今回は、「ARTMeeT」代表の田島琢巳さんに「ART NOTE」からいま会期中の展示会でのアートの見方などをお伺いしました。

ーーまず、「ART NOTE」の開発のきっかけを教えてください。
【田島琢巳】現在、私たちは、アートを観た体験を記録、共有し新しい価値観、仲間、“自分”に出会えるアートに特化したWebアプリプラットフォーム「ARTMeeT」を開発中です。きっかけはアートを観て感じる“モヤモヤ”を共有したいという想いからでした。しかし、プロトタイプでの実証実験を重ねていて、アプリの開発や体験のハードルの高さを感じていました。そんななかで、鑑賞体験記録に対して、よりハードルを下げる目的でノートを作りたい!と話が盛り上がった結果、3カ月という比較的短い期間で完成を迎えました。

ーー「ART NOTE」を通して、どのような行動変容を期待しますか?
【田島琢巳】アートを観て自分から出てくる言葉は自分の現状、体験、価値観のフィルターを通して紡がれたものだと考えています。

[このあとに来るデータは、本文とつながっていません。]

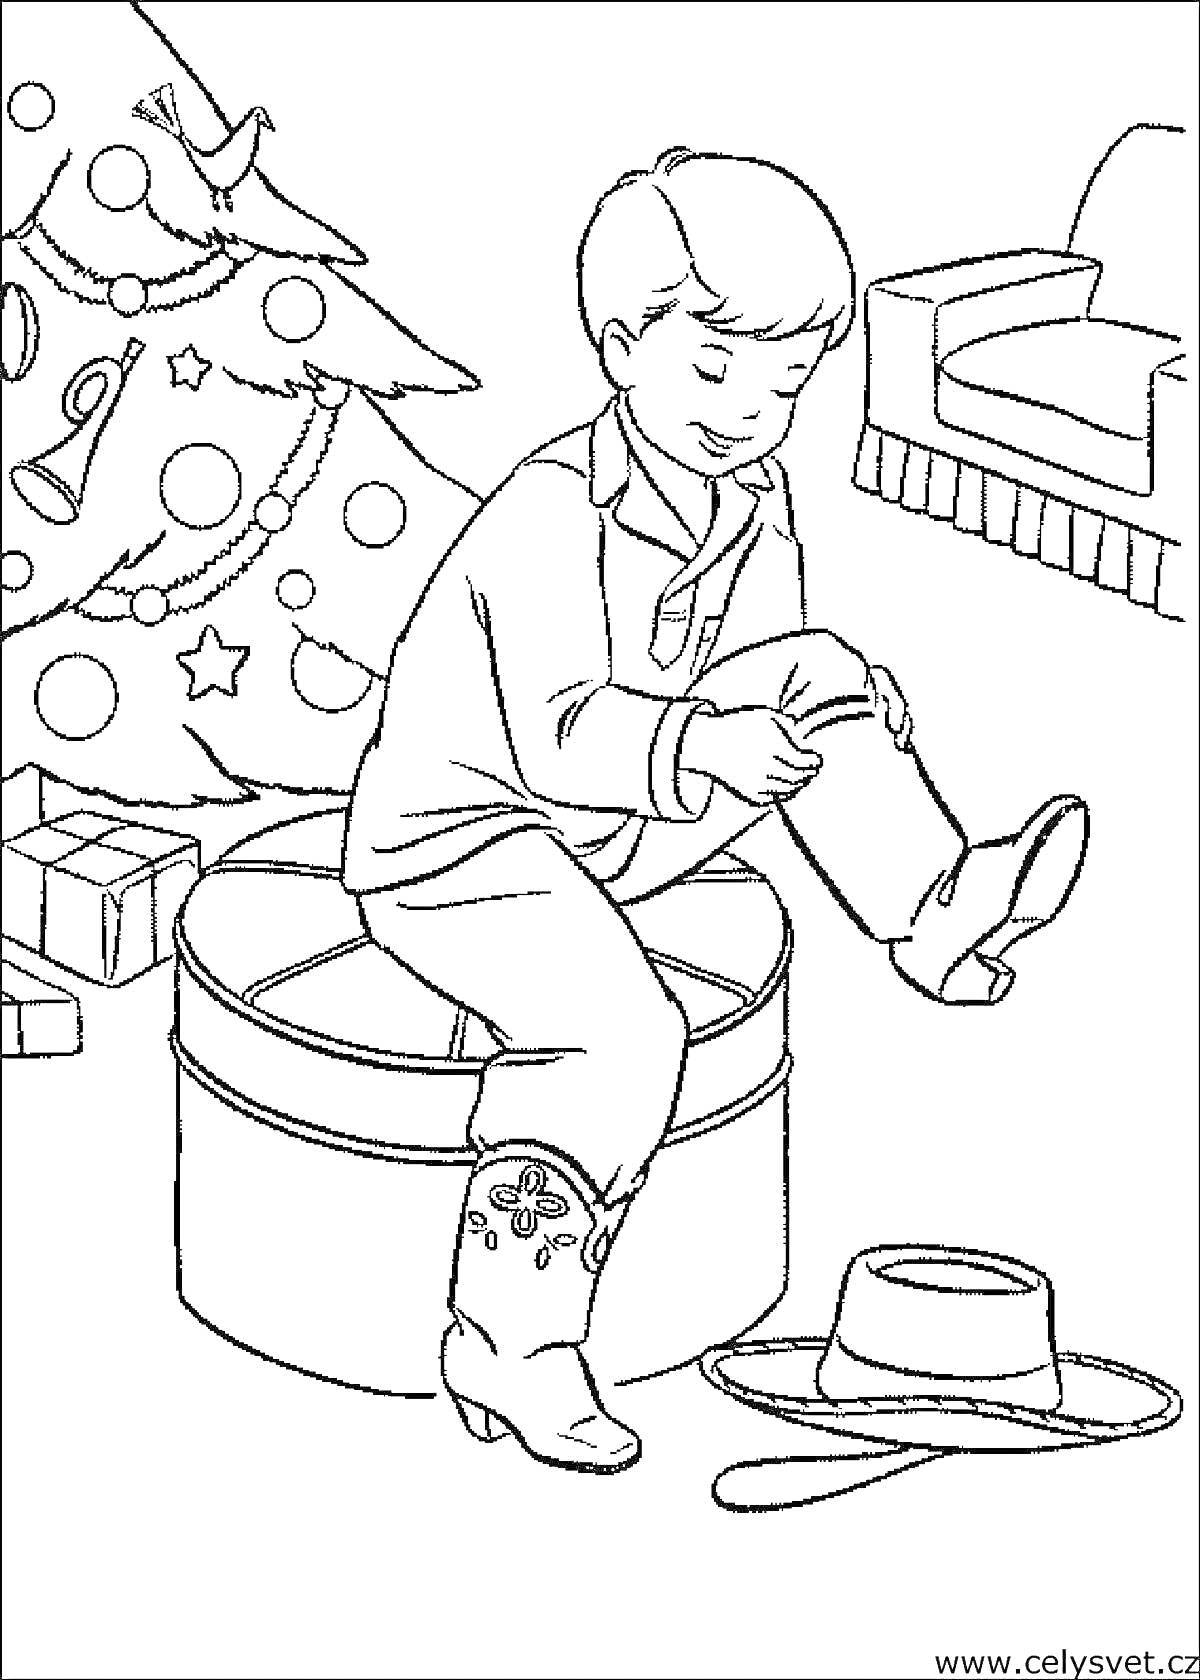 Мальчик в ковбойских сапогах возле рождественской ёлки

【田島琢巳】星の王子さまの名言に「心で見なくちゃ、ものごとはよく見えないってことさ。かんじんなことは、目に見えないんだよ」というものがありますが、言葉を記録、積み上げ、俯瞰して振り返ることにより、肝心なこと=一番大切なことに気づくことができると思っています。そして、その気づき、は最終的には自己肯定感を高め、QOLを高められるのでは、ということを私たちは期待しています。

ーー現在、「ART NOTE」は発売に向けて準備中で、実際に何名かに対して「ART NOTE」を使用してもらったとのことですが、使用した感想や、集まったものからどんなものがわかったのか教えてください。
【田島琢巳】ワークショップの参加者も含め、現在まで30名近く体験していただいているのですが、「ひとつのアートから、自分の考えや今の悩み、性格と向き合うことができる」や「自分の意識を言葉や文字で向き合うことができる」などの意見をいただいており、「ART NOTE」は自分と向き合うことに有効だと確信しています。

【田島琢巳】アート鑑賞すると他人と意見交換したくなります。アート鑑賞の感想は自分、他人、作品というさまざまな軸で生まれてくるので、正解はないのですが他人の意見を聞き、それが自分と似た意見だと安心し、違う意見だと新しい視点・視座が得られてうれしく感じられます。そのため、当初のプロジェクトのスタートであった「ARTMeeT」アプリを早く出さなくては、という気持ちもより強くなりました。現在は、「ART NOTE」からはNFCチップでダイレクトに「ARTMeeT」アプリを立ち上げられるように設計しています。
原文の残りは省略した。